# DishComm



## patmurphey (Dec 21, 2006)

What is DishComm?


----------



## dstrouth (Mar 21, 2007)

patmurphey said:


> What is DishComm?


DishComm will allow you to have one receiver that supports the technology to be plugged into a phone line, and other receivers(which also support DISHCOMM) that are not connected to a phone line will be able to get Caller ID information, and call into DishNetwork to report PPV movies through the electrical outlets. Its Like a wireless Phone jack built into the receiver.


----------



## Bill R (Dec 20, 2002)

DishComm uses the power line to enable receivers to communicate with each other. If you have your receiver on a surge protector or a UPS it may not be able to communicate with the other DishComm device.


----------



## patmurphey (Dec 21, 2006)

Thanks

Pat


----------



## JDGJr (Mar 1, 2007)

this is not intended as a means to share content, tho, correct?


----------



## Mike D-CO5 (Mar 12, 2003)

JDGJr said:


> this is not intended as a means to share content, tho, correct?


Not as I understand it, but it would be cool if it could be used for shared content. The problem I see is that everyone I know , me included ,keeps their dvrs on a surge protecter of some kind to protect it from electric strikes and power surges. Dish would have to come out with some kind of power strip or surge protecter that they approve of, that will still work over the power lines in the house in order to use dish comm and or share content.


----------



## James Long (Apr 17, 2003)

JDGJr said:


> this is not intended as a means to share content, tho, correct?


Just sharing the modem.


----------



## skyviewmark1 (Sep 28, 2006)

Are there any receivers out there yet besides the 622 with L4.01 that are Dish Comm compatible.. My 622 doesn't seem to find my 625 or 522 so they must not be compatible.


----------



## tnsprin (Mar 16, 2003)

skyviewmark1 said:


> Are there any receivers out there yet besides the 622 with L4.01 that are Dish Comm compatible.. My 622 doesn't seem to find my 625 or 522 so they must not be compatible.

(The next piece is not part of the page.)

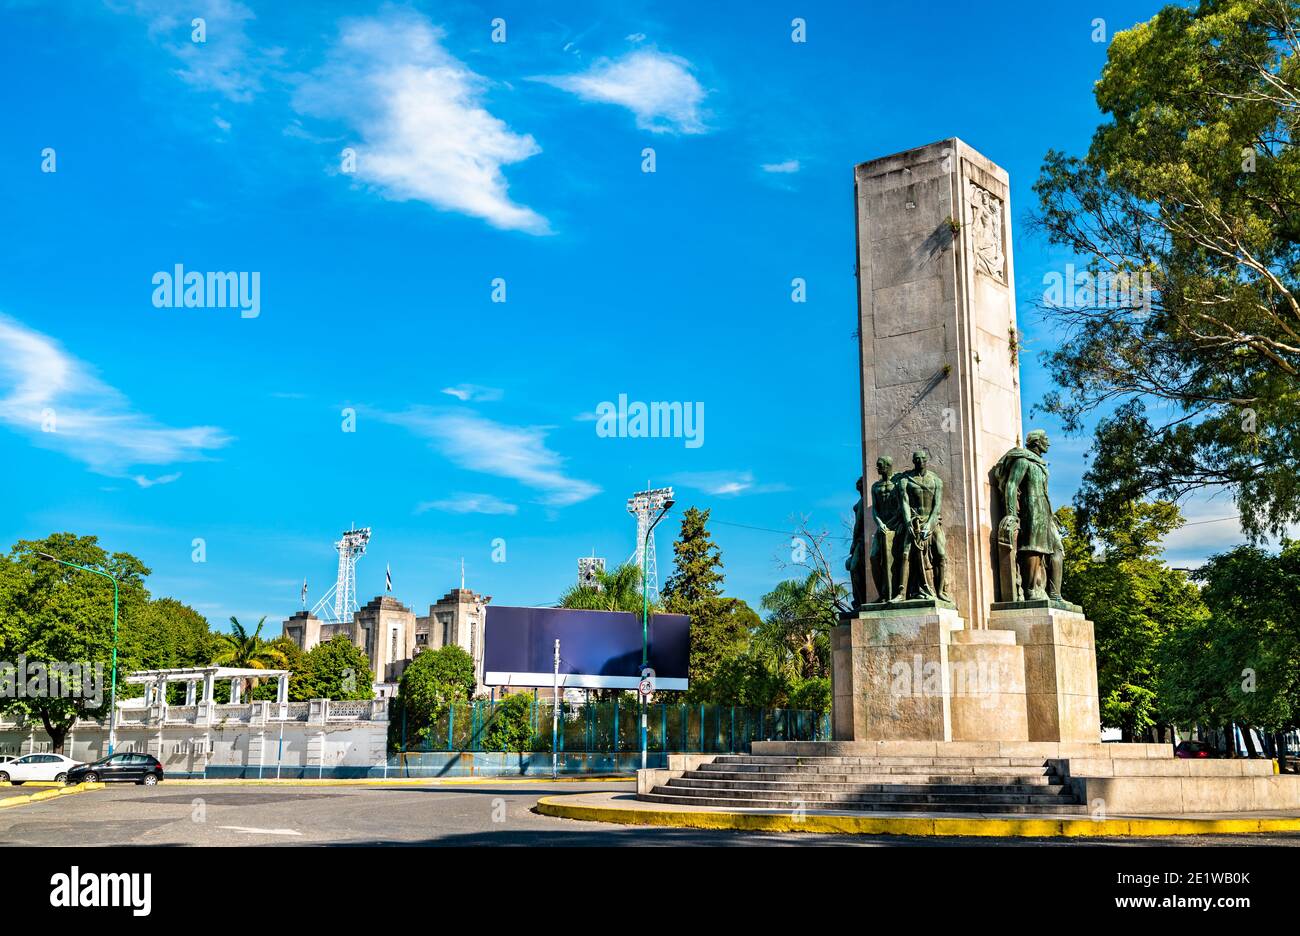 Monumento a Bartolome Mitre a la Plata, Argentina Foto Stock
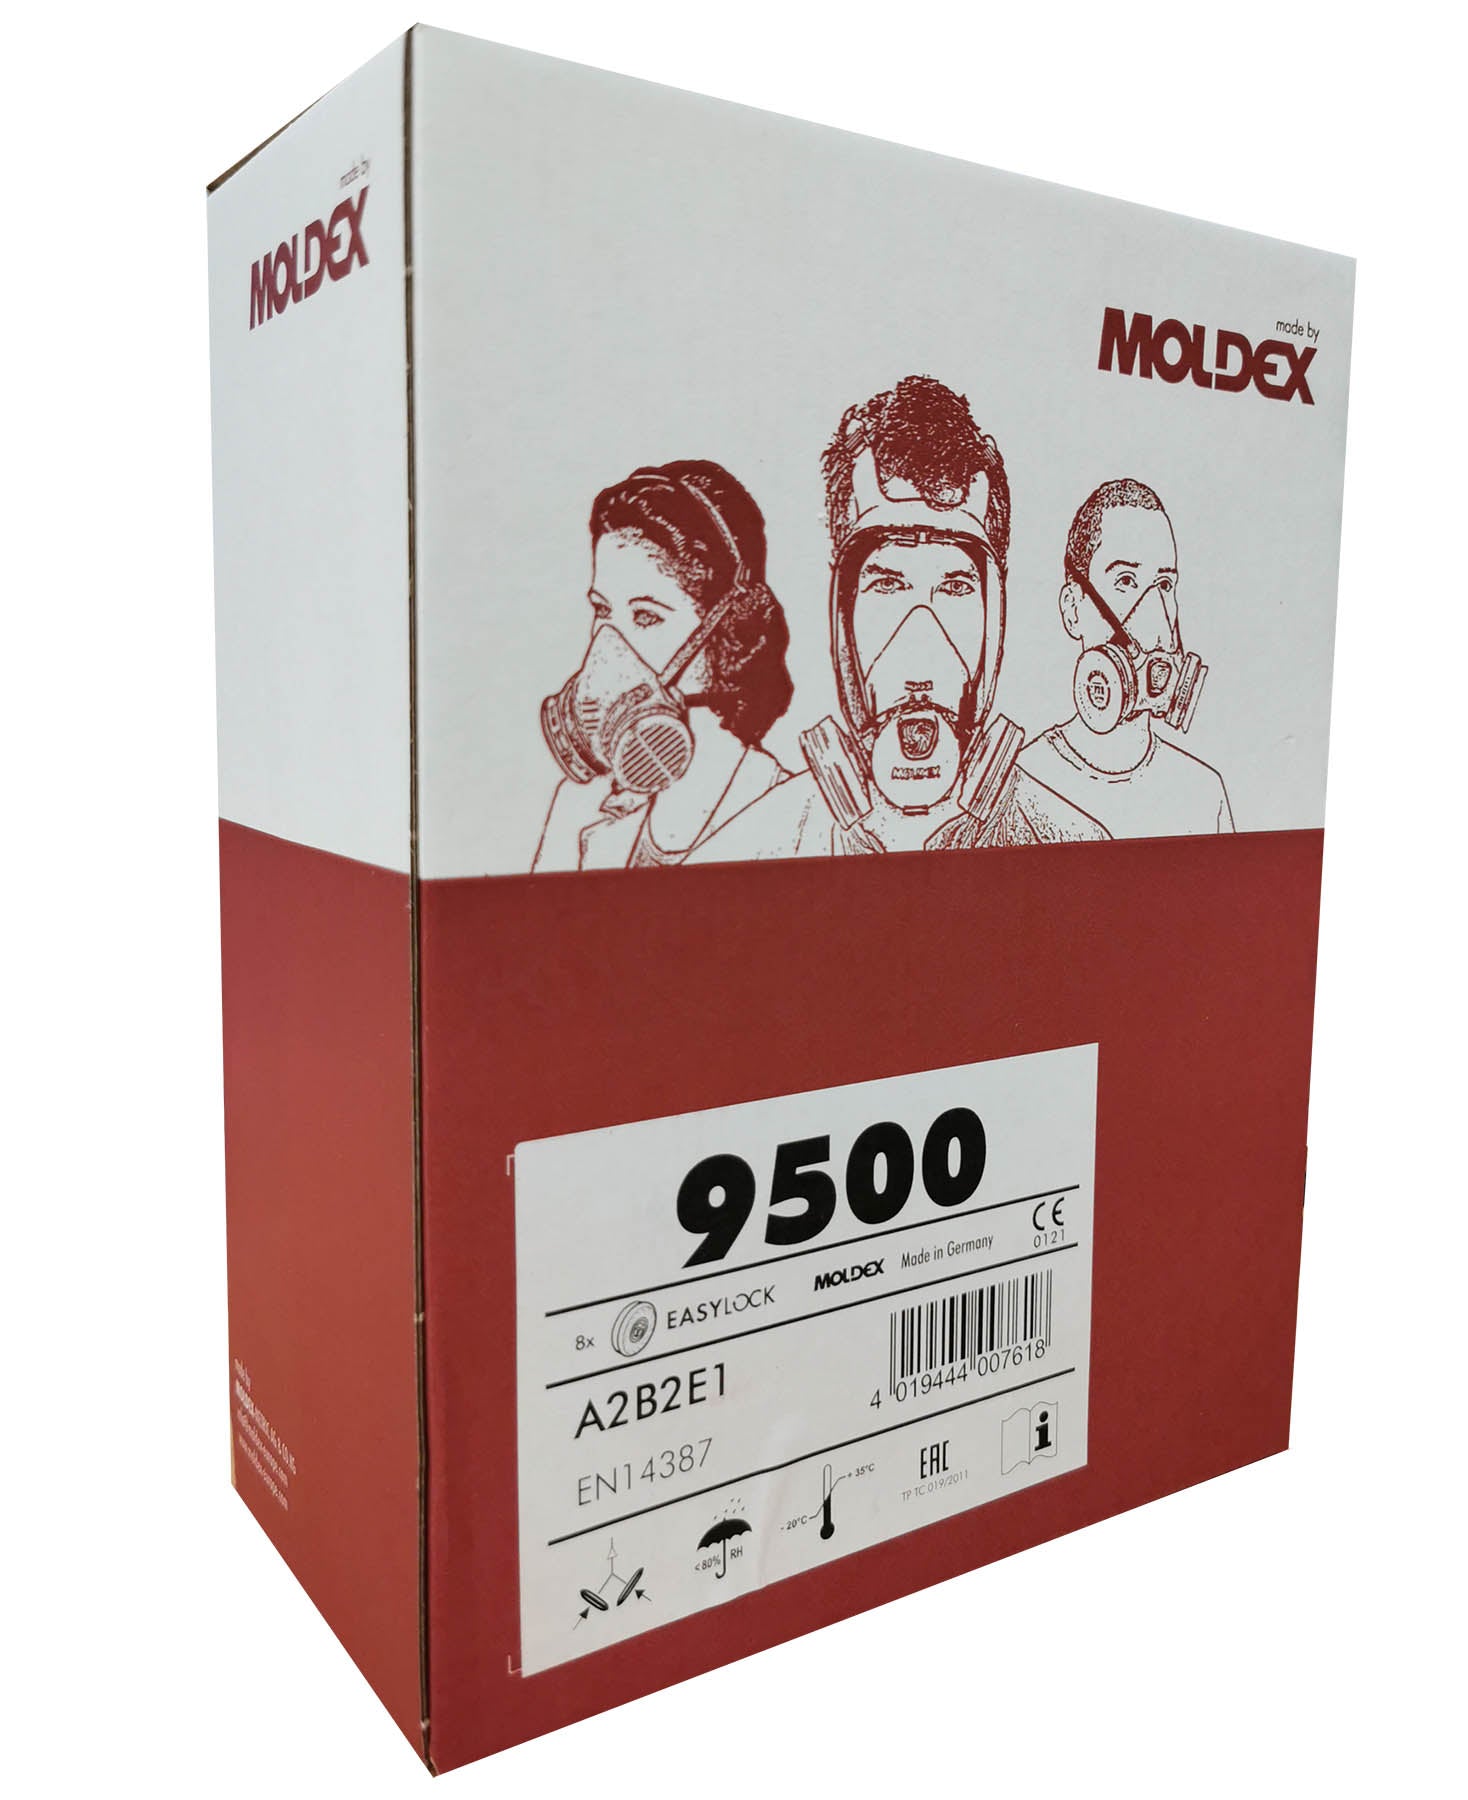 Moldex 9500 EasyLock A2B2E1 Gas Filters box

No, but updates should be coming for all of them that have the hardware.


----------



## TheGrove (Jan 10, 2007)

James Long said:


> Just sharing the modem.


Or go the TiVo route and enable the Ethernet port and allow you to connect via broadband. I realize there may be other issues involved but it would be nice.


----------



## James Long (Apr 17, 2003)

TheGrove said:


> Or go the TiVo route and enable the Ethernet port and allow you to connect via broadband. I realize there may be other issues involved but it would be nice.


I'm sure that will be possible down the road ... the idea of letting a 622 share its videos with another 622 or a 211 on the same account securely via a home network is a good one. But not one that I would expect to see developed this year.


----------



## BobaBird (Mar 31, 2002)

tnsprin said:


> No, but updates should be coming for all of them that have the hardware.


Those being the 211/411 and presumably the 222 if we ever see it.

The 942 was to have been the first receiver to get it, but the newer receivers have newer hardware incompatible with that in the 942 so the upgrade was canceled before it was ever enabled.


----------



## sNEIRBO (Jul 23, 2006)

TheGrove said:


> Or go the TiVo route and enable the Ethernet port and allow you to connect via broadband. I realize there may be other issues involved but it would be nice.


Any chance that ethernet port can be used like the newly announced TiVo - Amazon download services? It would be nice to be able to download content to the DISH DVR, but then again, I've had that availability on my Xbox 360 for the past 5 months and have only used it twice . . .


----------



## tnsprin (Mar 16, 2003)

sNEIRBO said:


> Any chance that ethernet port can be used like the newly announced TiVo - Amazon download services? It would be nice to be able to download content to the DISH DVR, but then again, I've had that availability on my Xbox 360 for the past 5 months and have only used it twice . . .


See Discussion on DishOnline service.


----------



## James Long (Apr 17, 2003)

In other words ... E*'s working on it.


----------